• _Exercise_
Your answer should be only the lines below from the one with "Pixilart Super Mario" to the one with "mathandel-math", repeated exactly, ends included.

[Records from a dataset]

◇ ◇ ◇ ◇

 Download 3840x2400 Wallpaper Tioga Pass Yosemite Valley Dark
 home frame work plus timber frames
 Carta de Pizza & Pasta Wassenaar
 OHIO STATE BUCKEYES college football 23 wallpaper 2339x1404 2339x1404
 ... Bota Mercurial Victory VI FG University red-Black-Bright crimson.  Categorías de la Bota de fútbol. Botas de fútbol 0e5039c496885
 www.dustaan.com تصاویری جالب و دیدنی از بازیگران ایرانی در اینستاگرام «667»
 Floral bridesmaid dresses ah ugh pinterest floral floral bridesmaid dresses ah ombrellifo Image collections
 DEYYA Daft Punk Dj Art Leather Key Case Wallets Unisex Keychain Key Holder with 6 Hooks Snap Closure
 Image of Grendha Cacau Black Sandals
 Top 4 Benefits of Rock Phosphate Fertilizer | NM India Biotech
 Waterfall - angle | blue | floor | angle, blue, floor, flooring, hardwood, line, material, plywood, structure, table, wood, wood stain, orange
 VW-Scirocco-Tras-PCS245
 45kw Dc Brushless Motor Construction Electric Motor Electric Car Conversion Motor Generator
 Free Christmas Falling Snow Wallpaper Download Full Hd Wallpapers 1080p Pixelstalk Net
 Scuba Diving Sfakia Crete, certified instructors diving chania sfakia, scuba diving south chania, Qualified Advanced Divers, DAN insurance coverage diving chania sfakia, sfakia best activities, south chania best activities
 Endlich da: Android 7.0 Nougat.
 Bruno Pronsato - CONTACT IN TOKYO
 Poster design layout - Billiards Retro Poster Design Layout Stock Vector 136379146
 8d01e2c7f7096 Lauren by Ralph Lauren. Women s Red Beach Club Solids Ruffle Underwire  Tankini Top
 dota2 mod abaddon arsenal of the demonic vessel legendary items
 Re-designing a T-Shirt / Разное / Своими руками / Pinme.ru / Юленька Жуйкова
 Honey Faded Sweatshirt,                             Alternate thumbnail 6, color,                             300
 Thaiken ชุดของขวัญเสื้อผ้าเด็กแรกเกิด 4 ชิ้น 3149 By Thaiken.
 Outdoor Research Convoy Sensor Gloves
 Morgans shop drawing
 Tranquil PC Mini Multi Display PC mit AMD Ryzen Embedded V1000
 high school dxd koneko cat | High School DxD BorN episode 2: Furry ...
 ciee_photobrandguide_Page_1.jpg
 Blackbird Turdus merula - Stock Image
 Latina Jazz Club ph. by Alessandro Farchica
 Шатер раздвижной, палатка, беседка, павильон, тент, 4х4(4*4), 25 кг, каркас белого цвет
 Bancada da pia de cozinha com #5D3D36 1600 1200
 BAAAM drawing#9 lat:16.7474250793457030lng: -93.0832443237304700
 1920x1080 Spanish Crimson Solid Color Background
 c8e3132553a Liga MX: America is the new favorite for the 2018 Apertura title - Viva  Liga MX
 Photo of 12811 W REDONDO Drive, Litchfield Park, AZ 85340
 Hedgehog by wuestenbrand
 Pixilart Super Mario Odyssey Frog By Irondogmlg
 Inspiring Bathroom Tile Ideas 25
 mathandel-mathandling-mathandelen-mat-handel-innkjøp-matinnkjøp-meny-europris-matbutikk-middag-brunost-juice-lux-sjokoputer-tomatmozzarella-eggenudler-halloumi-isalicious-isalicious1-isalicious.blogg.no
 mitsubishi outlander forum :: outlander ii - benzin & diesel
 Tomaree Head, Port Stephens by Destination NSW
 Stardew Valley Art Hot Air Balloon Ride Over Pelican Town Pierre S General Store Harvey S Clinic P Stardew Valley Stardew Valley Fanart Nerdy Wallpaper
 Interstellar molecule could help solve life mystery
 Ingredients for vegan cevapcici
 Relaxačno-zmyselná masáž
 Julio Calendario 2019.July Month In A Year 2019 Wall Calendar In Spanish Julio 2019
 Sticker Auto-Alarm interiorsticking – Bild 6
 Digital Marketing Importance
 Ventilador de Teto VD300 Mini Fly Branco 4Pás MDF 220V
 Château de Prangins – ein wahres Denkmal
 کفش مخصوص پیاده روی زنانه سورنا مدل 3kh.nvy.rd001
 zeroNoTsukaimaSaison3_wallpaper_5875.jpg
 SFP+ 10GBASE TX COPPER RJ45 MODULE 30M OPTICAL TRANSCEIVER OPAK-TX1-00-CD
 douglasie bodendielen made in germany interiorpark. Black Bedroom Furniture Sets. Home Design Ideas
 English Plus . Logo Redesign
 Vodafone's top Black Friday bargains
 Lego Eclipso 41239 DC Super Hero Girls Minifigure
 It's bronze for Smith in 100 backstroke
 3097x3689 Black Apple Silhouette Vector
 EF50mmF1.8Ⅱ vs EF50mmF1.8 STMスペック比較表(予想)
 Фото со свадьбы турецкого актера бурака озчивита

◇ ◇ ◇ ◇

• _Solution for this problem_
 Pixilart Super Mario Odyssey Frog By Irondogmlg
 Inspiring Bathroom Tile Ideas 25
 mathandel-mathandling-mathandelen-mat-handel-innkjøp-matinnkjøp-meny-europris-matbutikk-middag-brunost-juice-lux-sjokoputer-tomatmozzarella-eggenudler-halloumi-isalicious-isalicious1-isalicious.blogg.no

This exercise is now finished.